* YOUR GOAL:
With the pictures left out, retype exactly the lines below starting at the line that contains "UHURU FURNITURE &" and ending at the line that contains "HMS Sutherland has".

* EXCERPTED DATA:
BEGIN

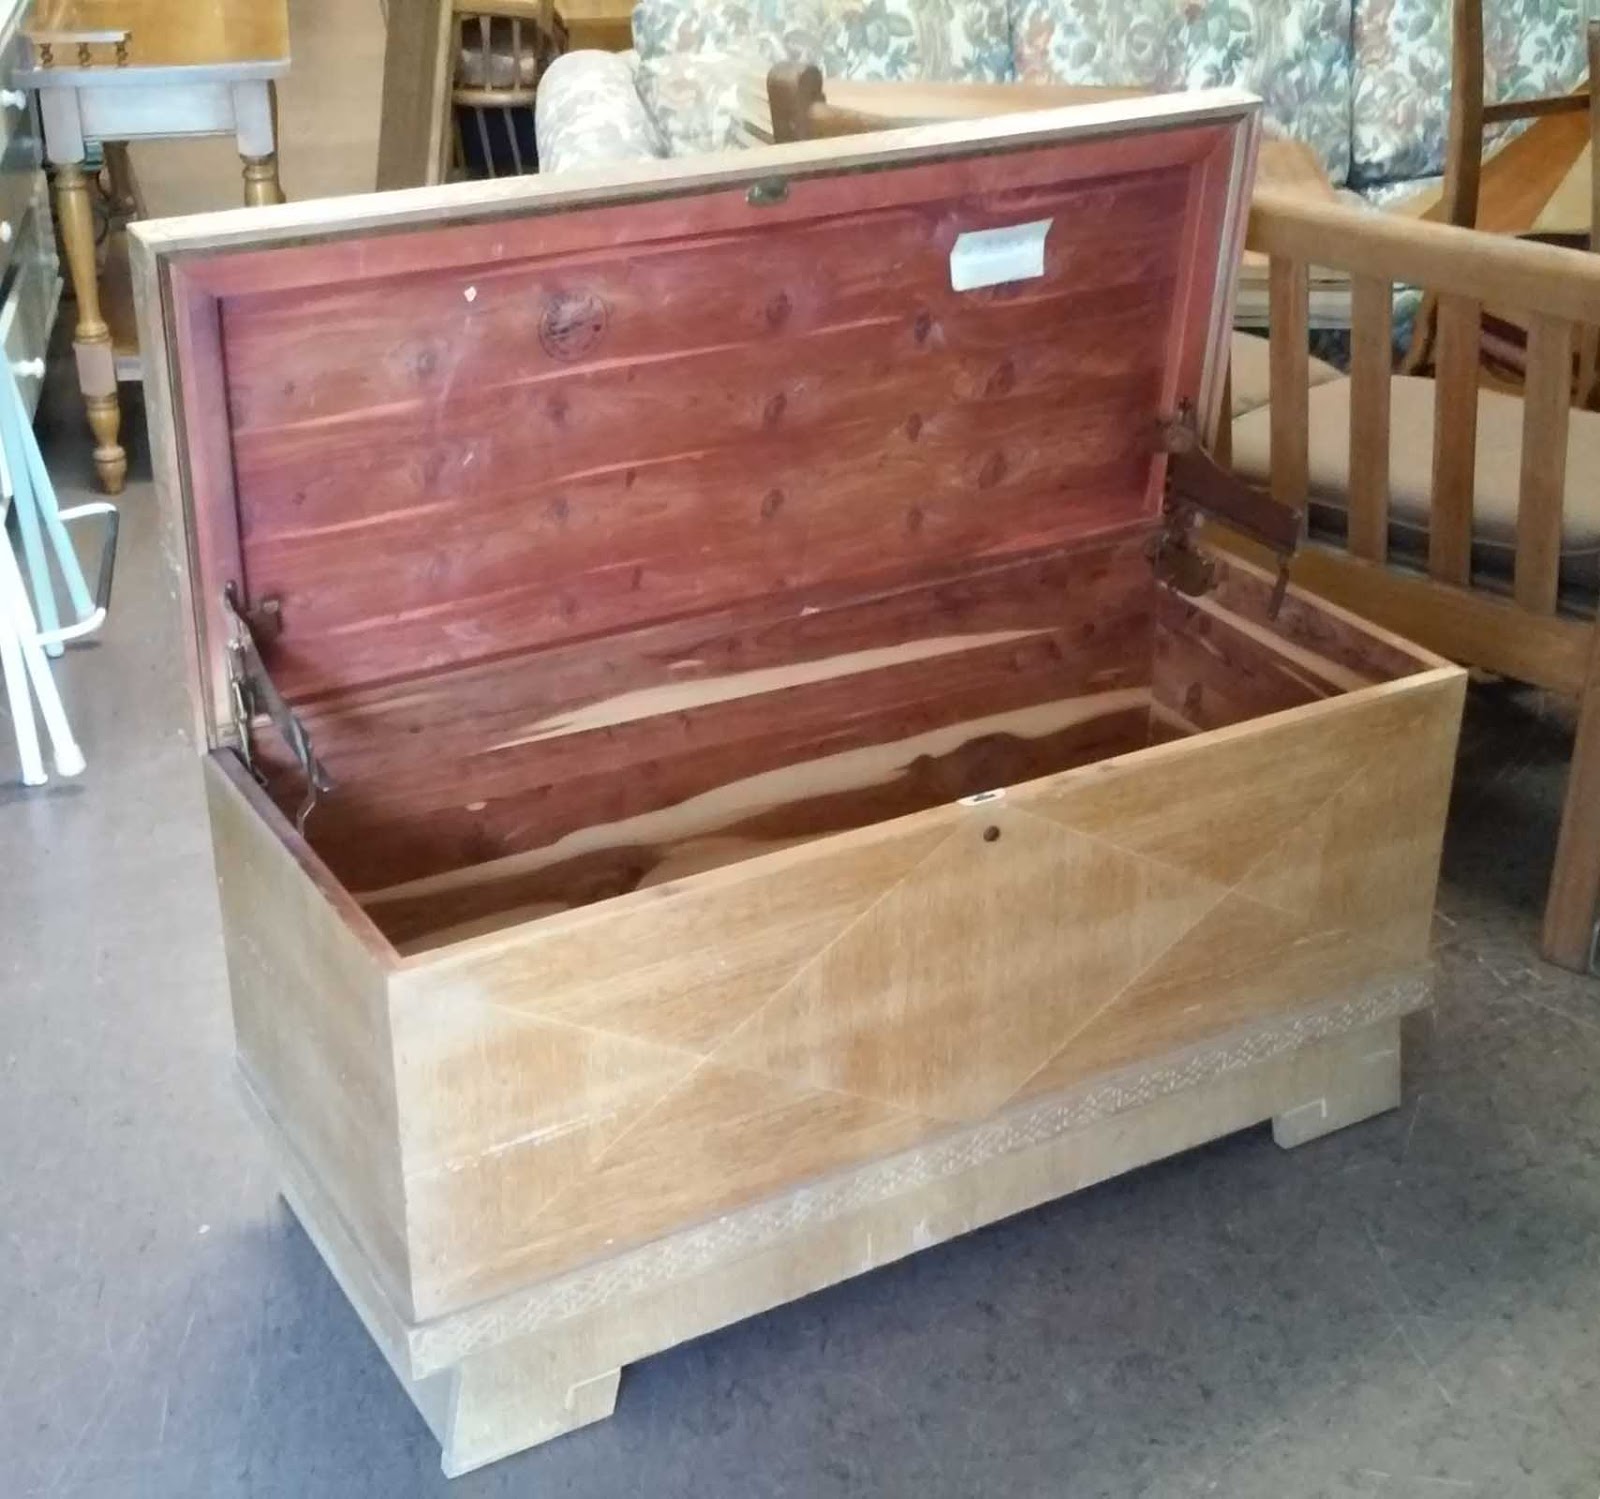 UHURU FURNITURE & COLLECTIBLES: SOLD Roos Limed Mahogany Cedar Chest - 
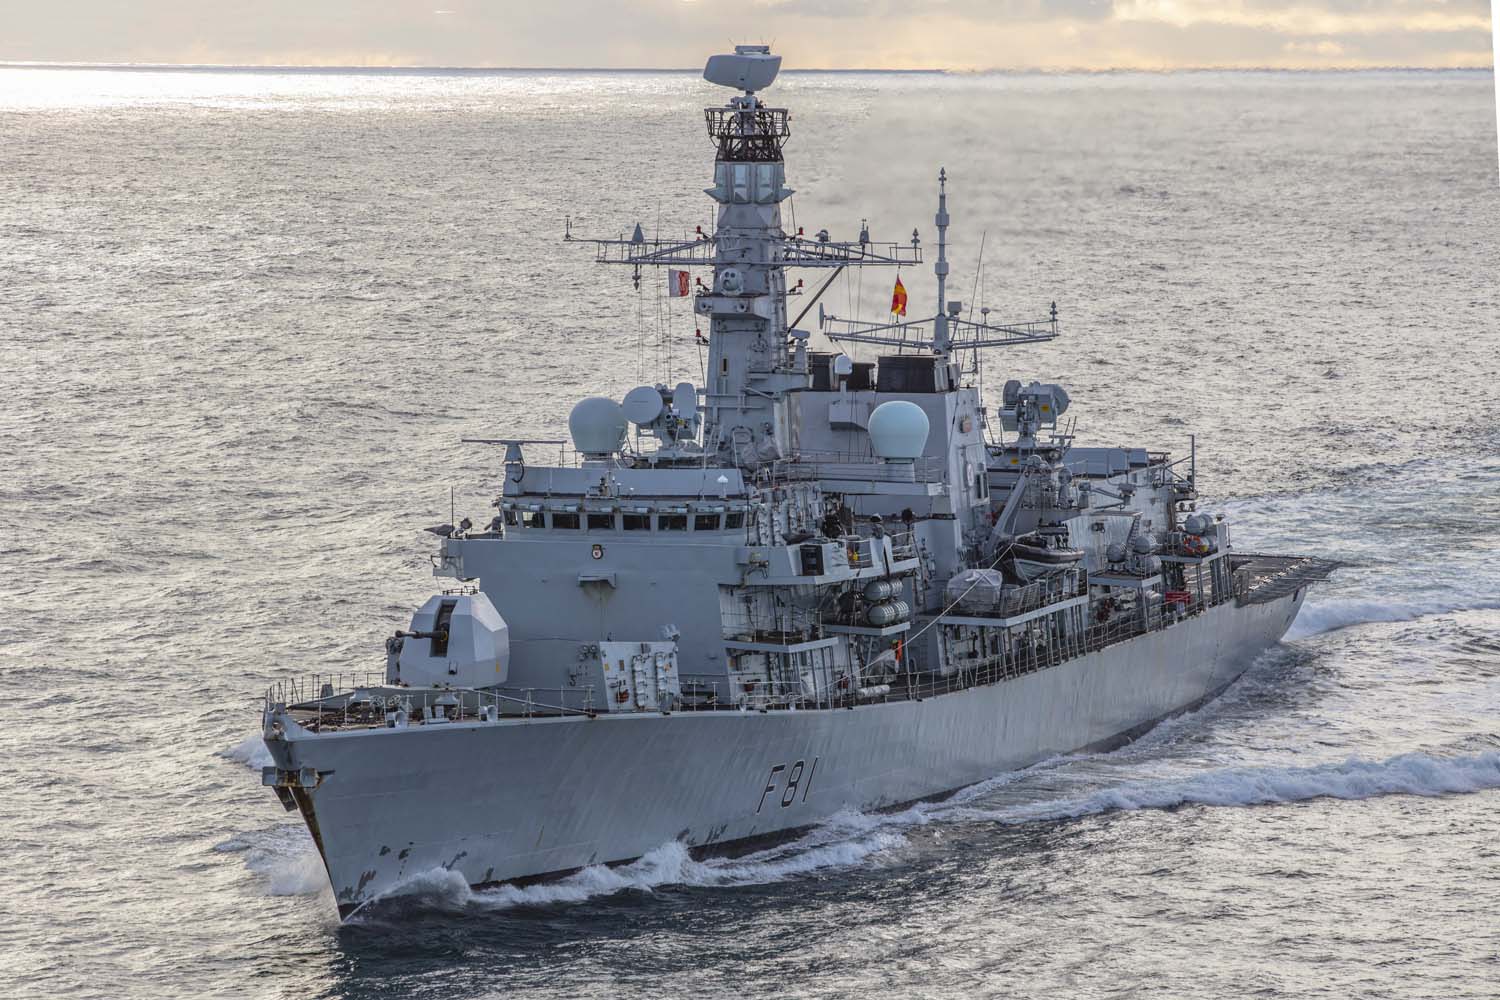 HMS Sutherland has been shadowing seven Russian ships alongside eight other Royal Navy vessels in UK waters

END
BEGIN

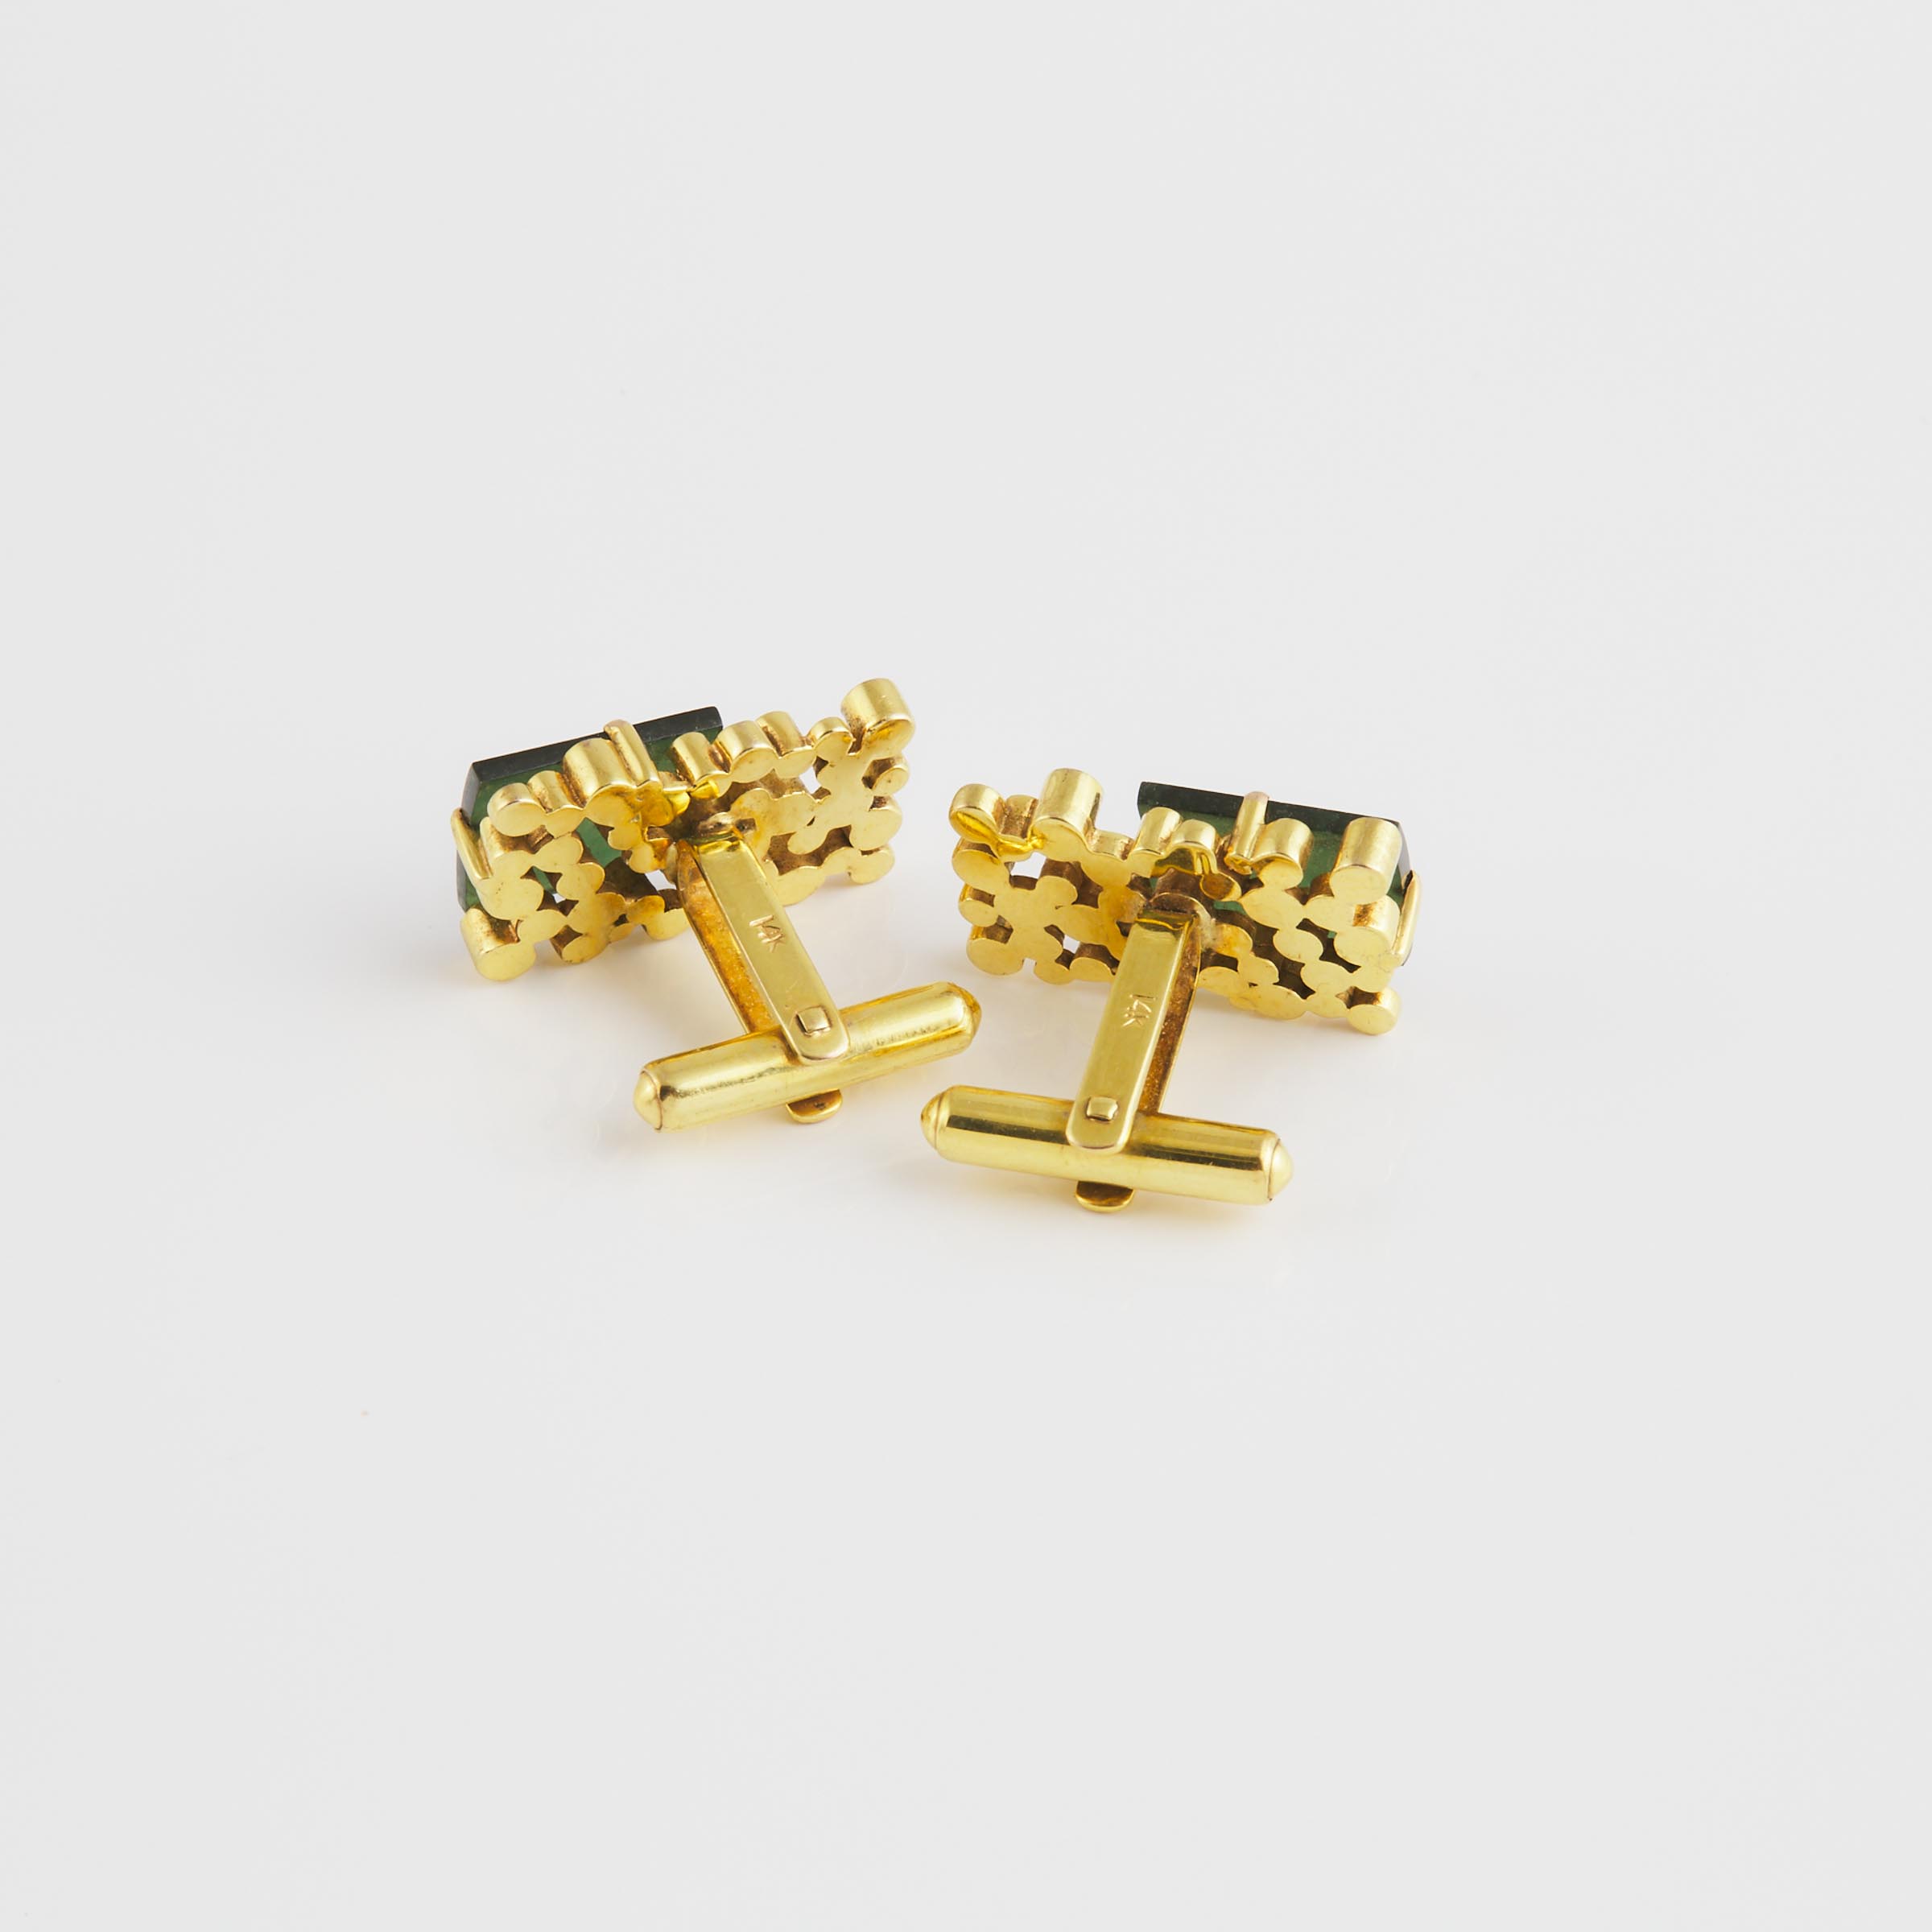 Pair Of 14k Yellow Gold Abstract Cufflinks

END

* TASK ANSWER:
 UHURU FURNITURE & COLLECTIBLES: SOLD Roos Limed Mahogany Cedar Chest - 
 HMS Sutherland has been shadowing seven Russian ships alongside eight other Royal Navy vessels in UK waters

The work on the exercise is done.